Data extracts —
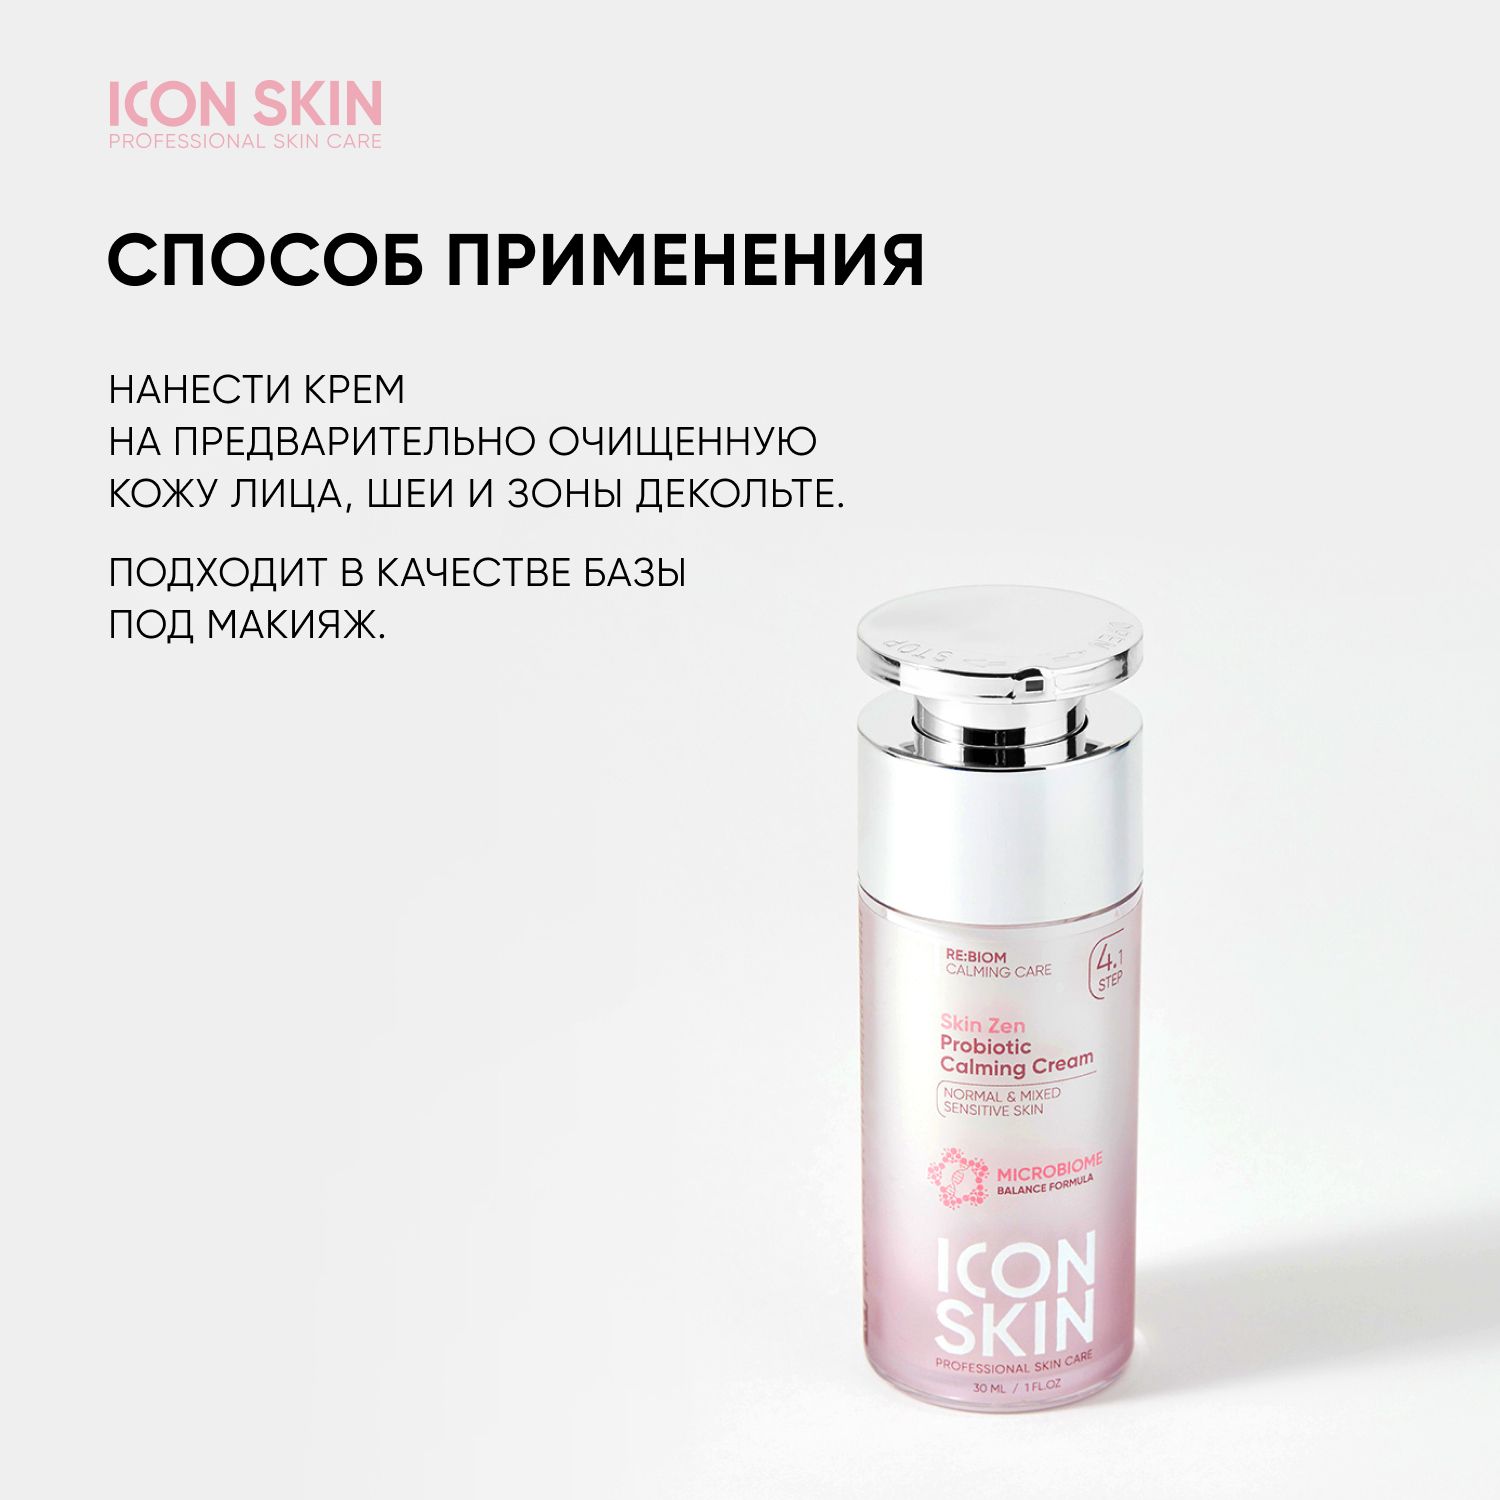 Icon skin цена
==
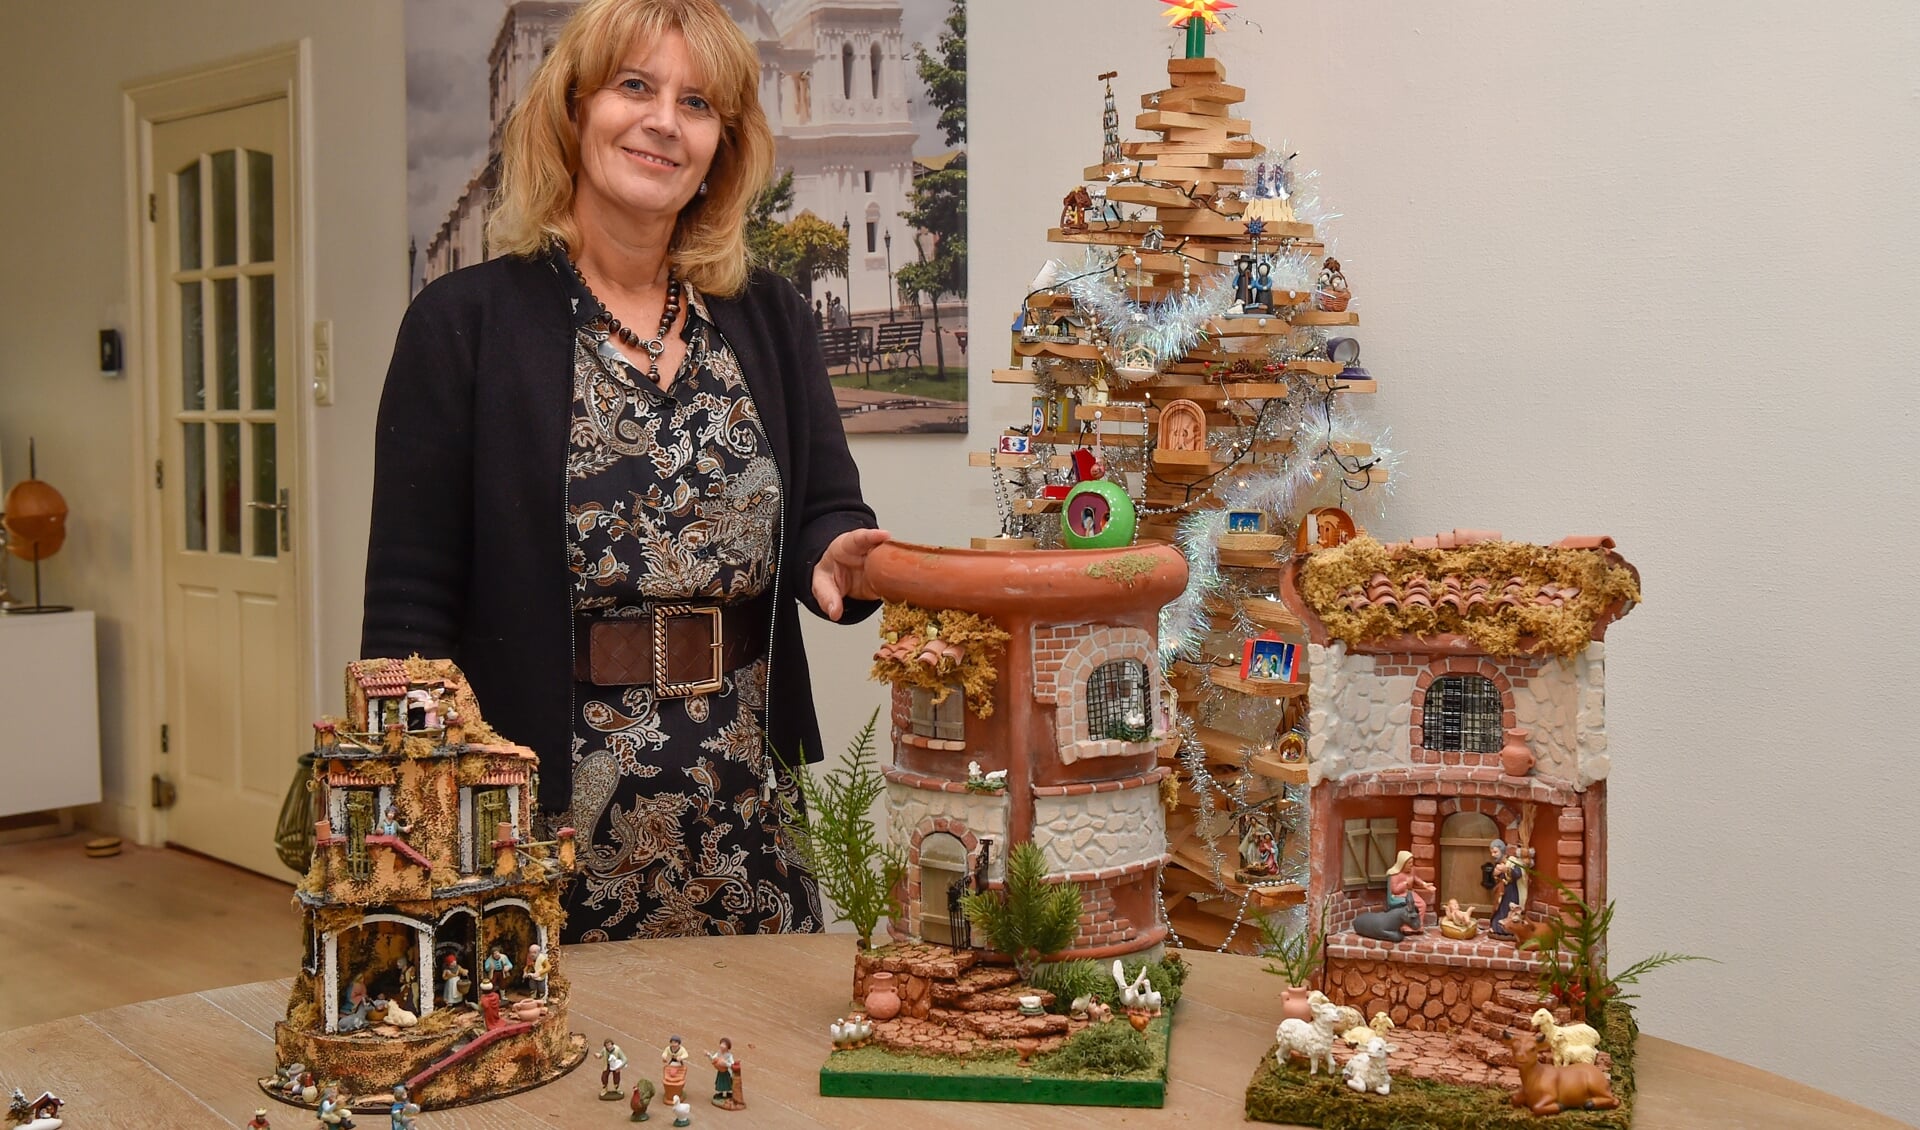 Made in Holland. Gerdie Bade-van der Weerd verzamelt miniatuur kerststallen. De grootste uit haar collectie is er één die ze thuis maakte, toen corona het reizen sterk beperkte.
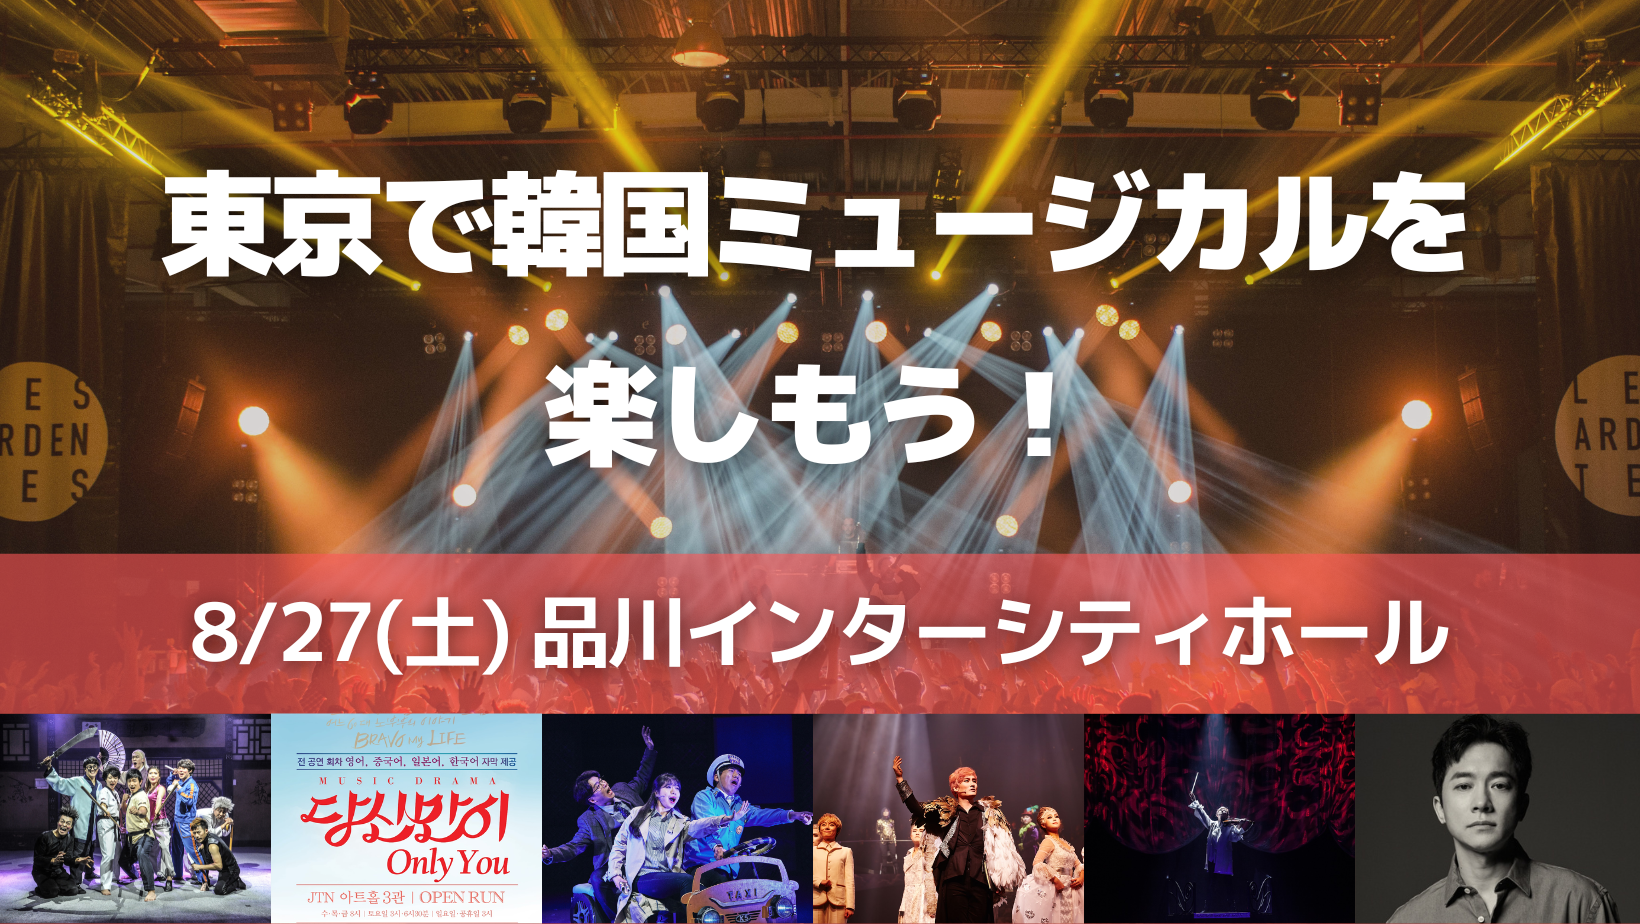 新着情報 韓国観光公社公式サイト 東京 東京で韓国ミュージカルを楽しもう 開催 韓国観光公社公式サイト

What the exercise asks — Retype the lines above exactly as they appear, from the line containing "Made in Holland." through the line containing "新着情報 韓国観光公社公式サイト 東京", and leave out any pictures.

Result of the exercise —
 Made in Holland. Gerdie Bade-van der Weerd verzamelt miniatuur kerststallen. De grootste uit haar collectie is er één die ze thuis maakte, toen corona het reizen sterk beperkte.
 新着情報 韓国観光公社公式サイト 東京 東京で韓国ミュージカルを楽しもう 開催 韓国観光公社公式サイト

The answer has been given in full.